Re: Flink 1.3 - Checkpointing failing

Ted Yu
If I read CompositeTypeSerializerConfigSnapshot ctor correctly:

    for (TypeSerializer<?> nestedSerializer : nestedSerializers) {
      TypeSerializerConfigSnapshot configSnapshot = nestedSerializer.snapshotConfiguration();
      this.nestedSerializersAndConfigs.add(

The UnsupportedOperationException thrown by snapshotConfiguration() should be caught without proceeding to nestedSerializersAndConfigs.add(). 
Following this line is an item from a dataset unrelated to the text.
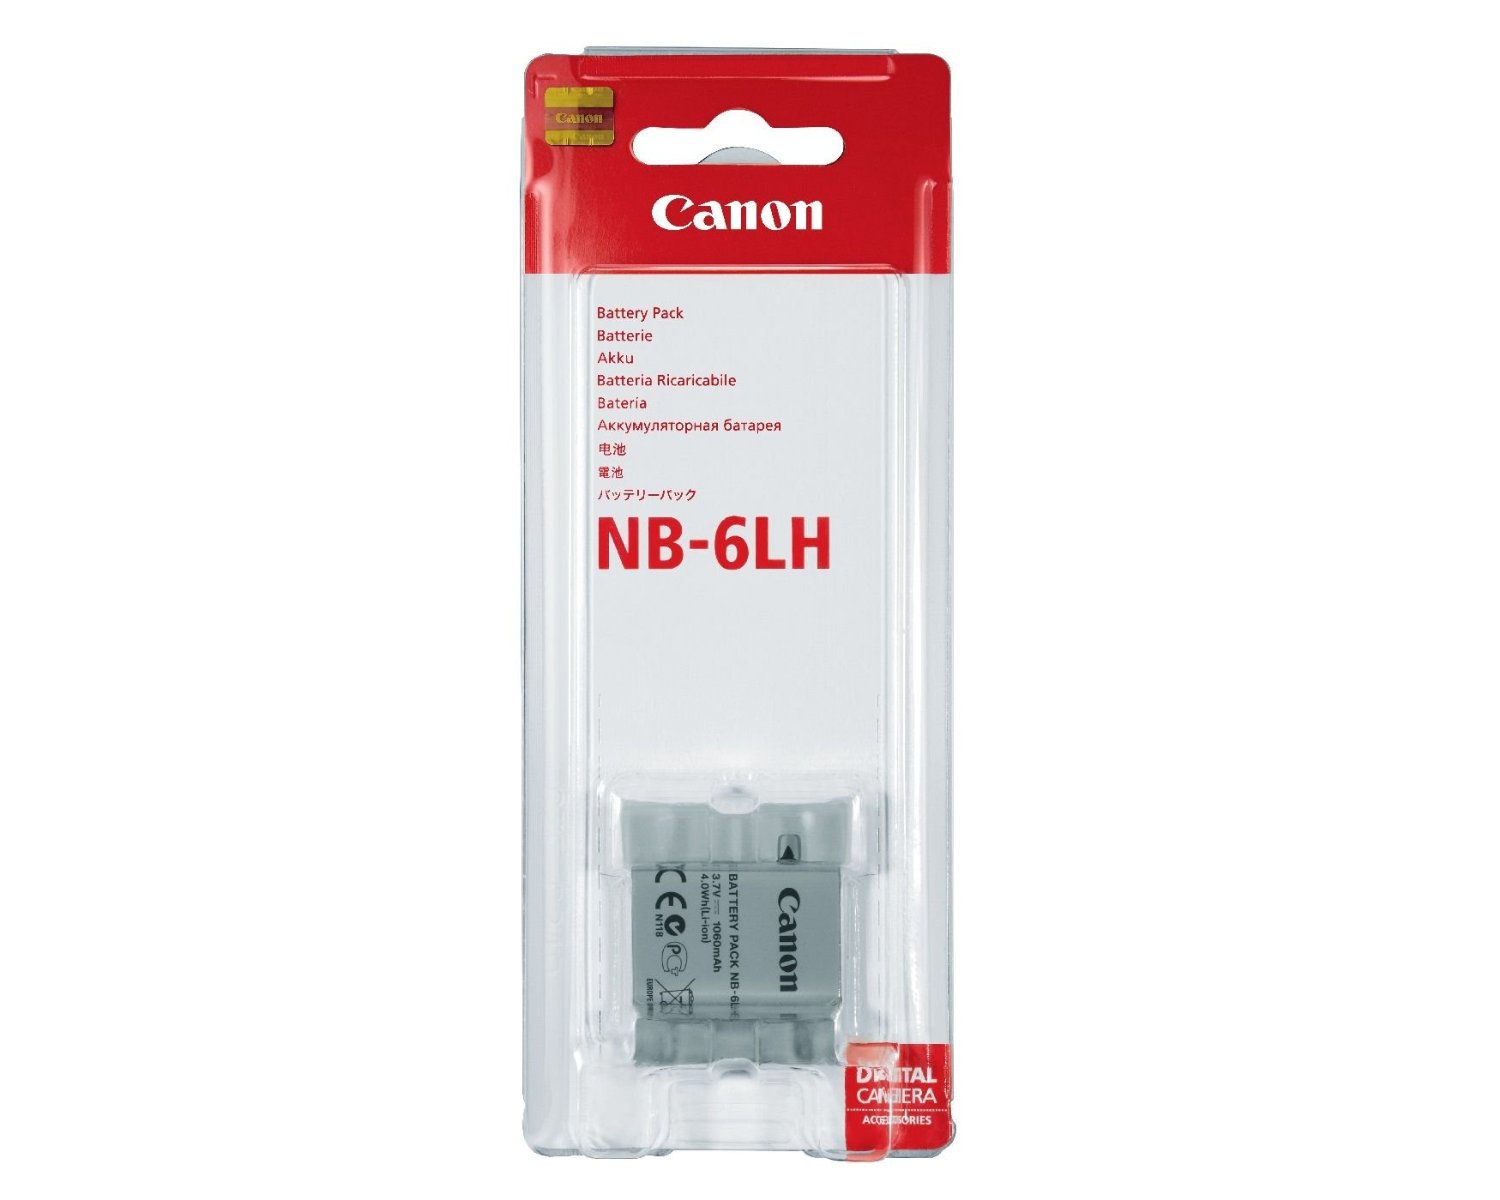 Canon batterie Pack NB-6LH

On Fri, Jun 2, 2017 at 7:02 PM, Ted Yu <[hidden email]> wrote:
Your case doesn't seem like FLINK-5462 since there was no CancellationException in the stack trace you posted.

The exception from TraversableSerializer.snapshotConfiguration() was added by FLINK-6178

FYI

On Fri, Jun 2, 2017 at 4:04 PM, MAHESH KUMAR <[hidden email]> wrote:
Hi Team,

We have some test cases written using StreamingMultipleProgramsTestBase
It was working fine in version 1.2, we get the following error in version 1.3
It seems like CheckpointCoordinator fails after this error and Checkpointing no longer occurs.

I came across this bug: https://issues.apache.org/jira/browse/FLINK-5462 , It looks kind of similar but I am not exactly sure.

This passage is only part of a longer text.